• Problem statement: Output, word for word, the lines of this listing that fall between the line with "murray electric panels" and the line with "Download Free Stock", counting both of those lines, and no others.

___ Data listing

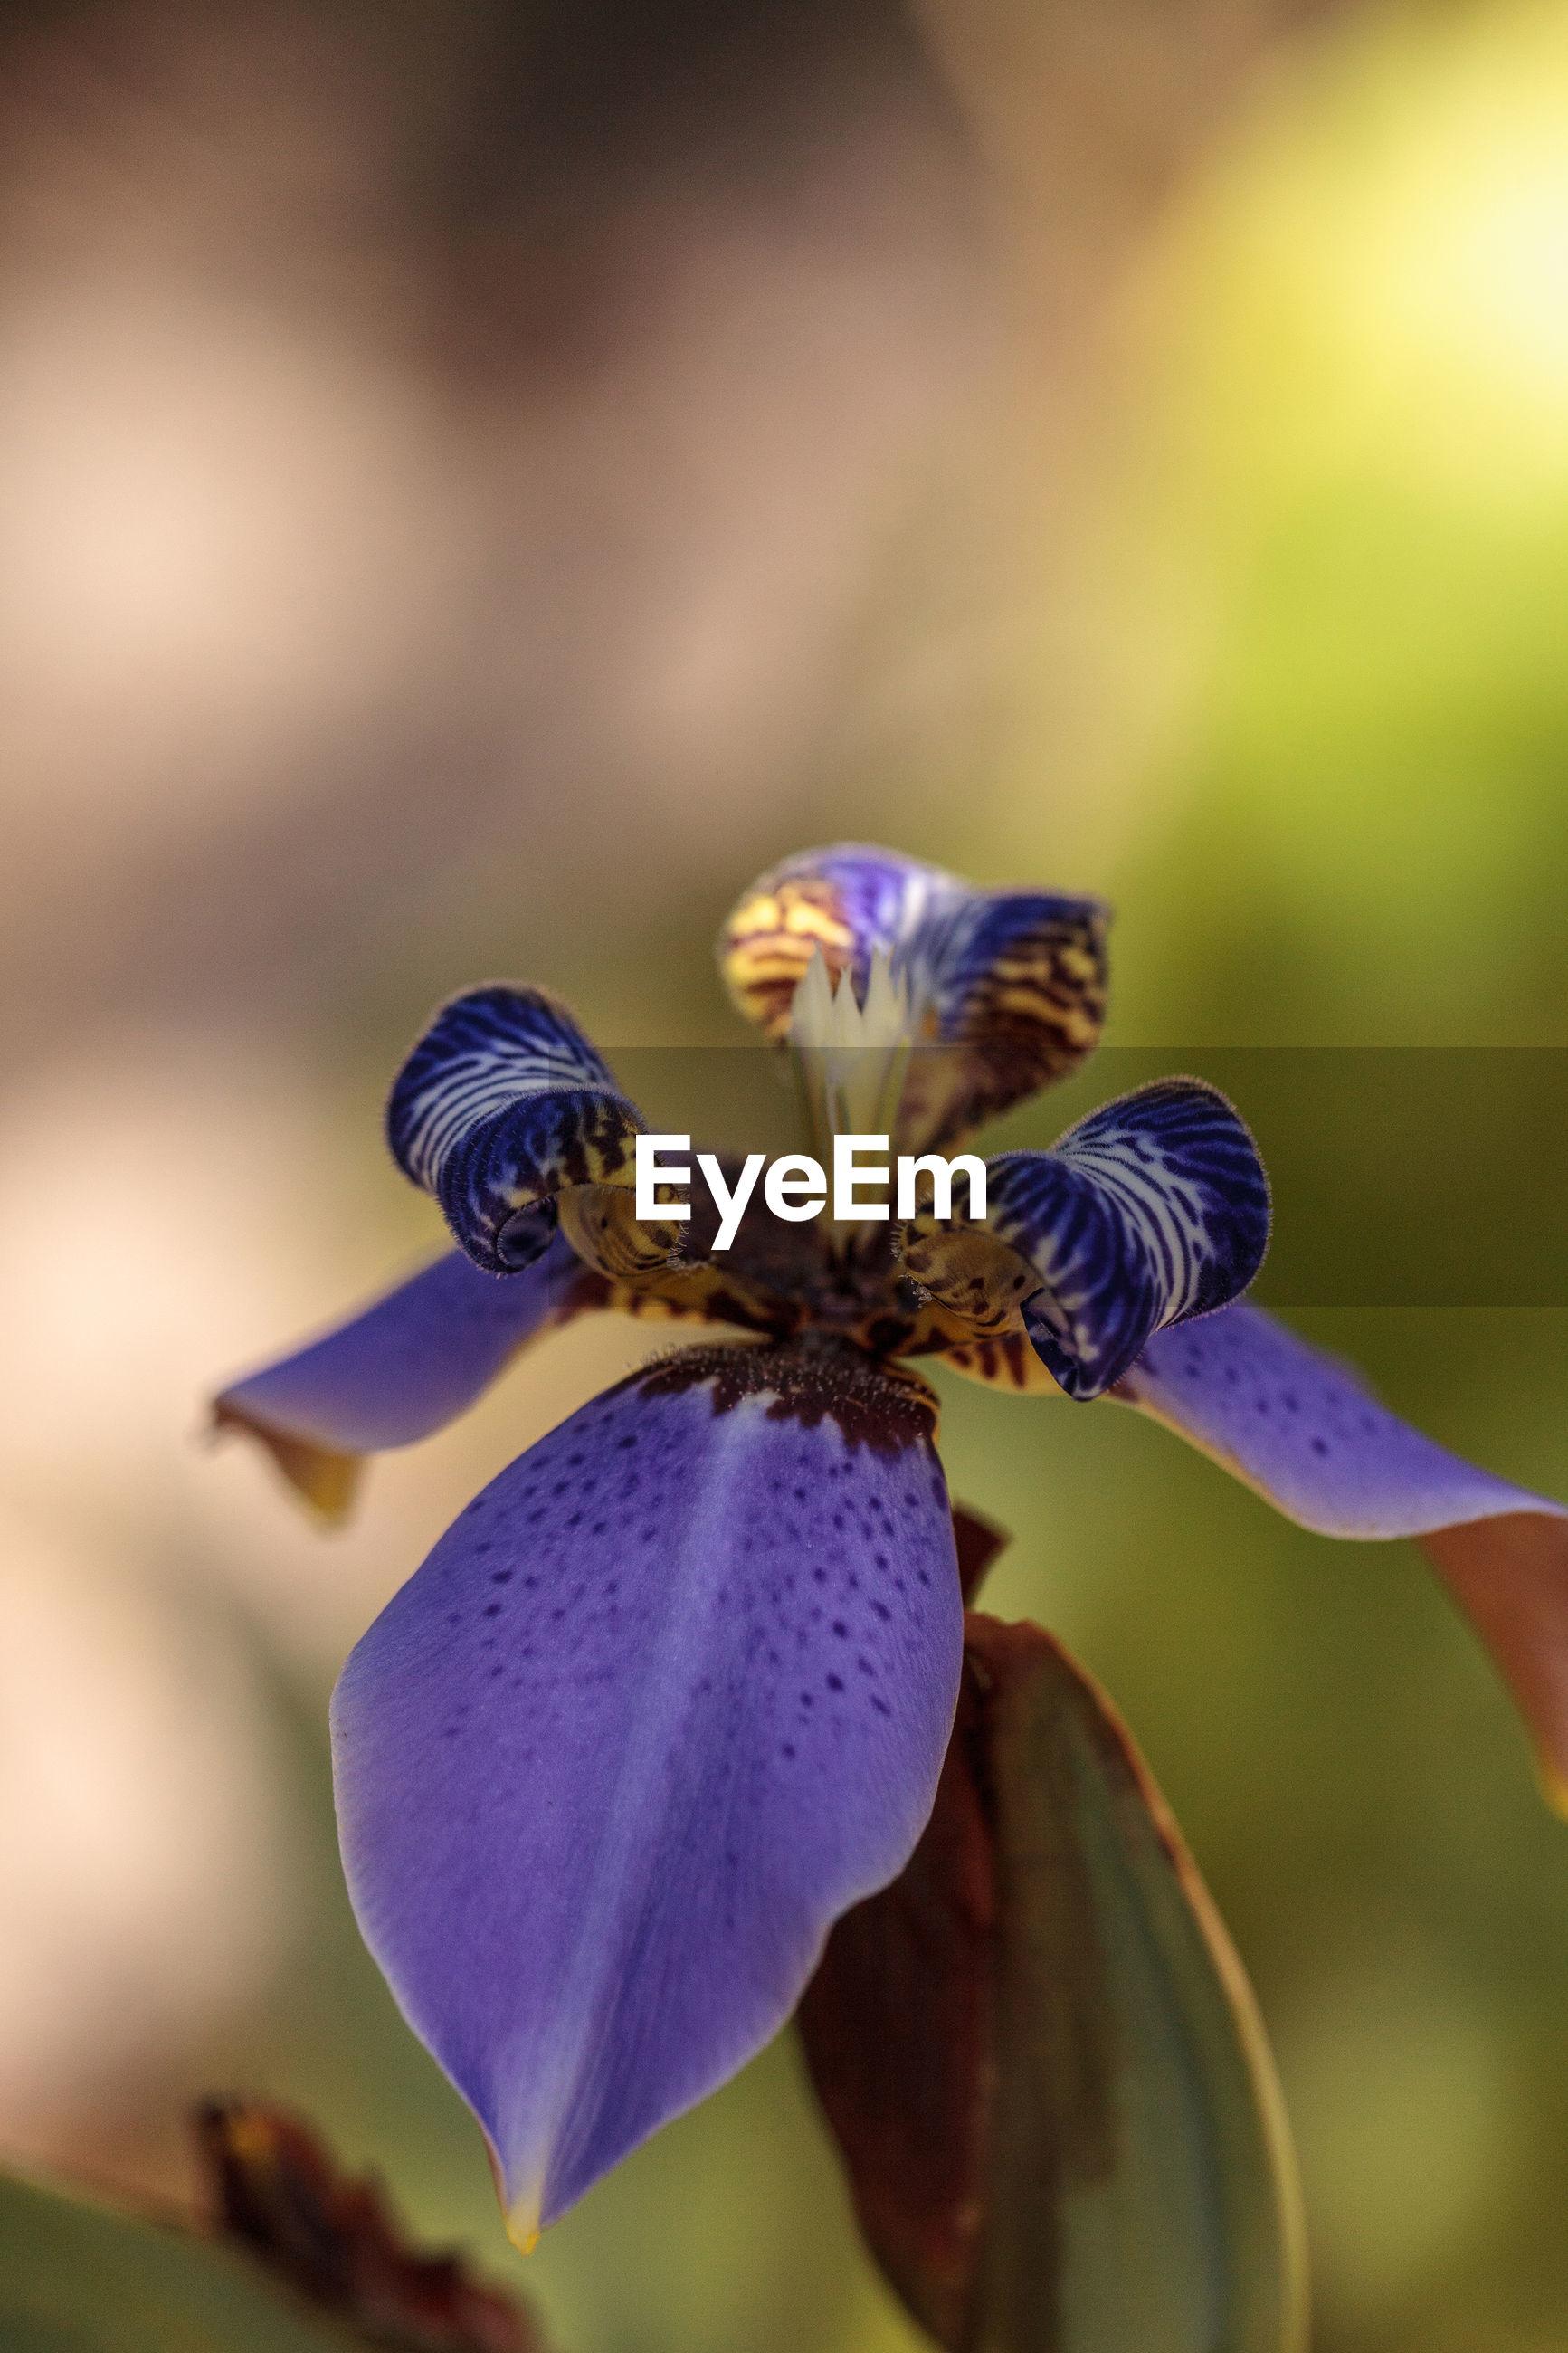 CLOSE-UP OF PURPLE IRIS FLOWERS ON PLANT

______
___ Data listing

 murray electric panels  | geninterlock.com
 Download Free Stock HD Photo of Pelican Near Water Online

______

• Solution:
 murray electric panels  | geninterlock.com
 Download Free Stock HD Photo of Pelican Near Water Online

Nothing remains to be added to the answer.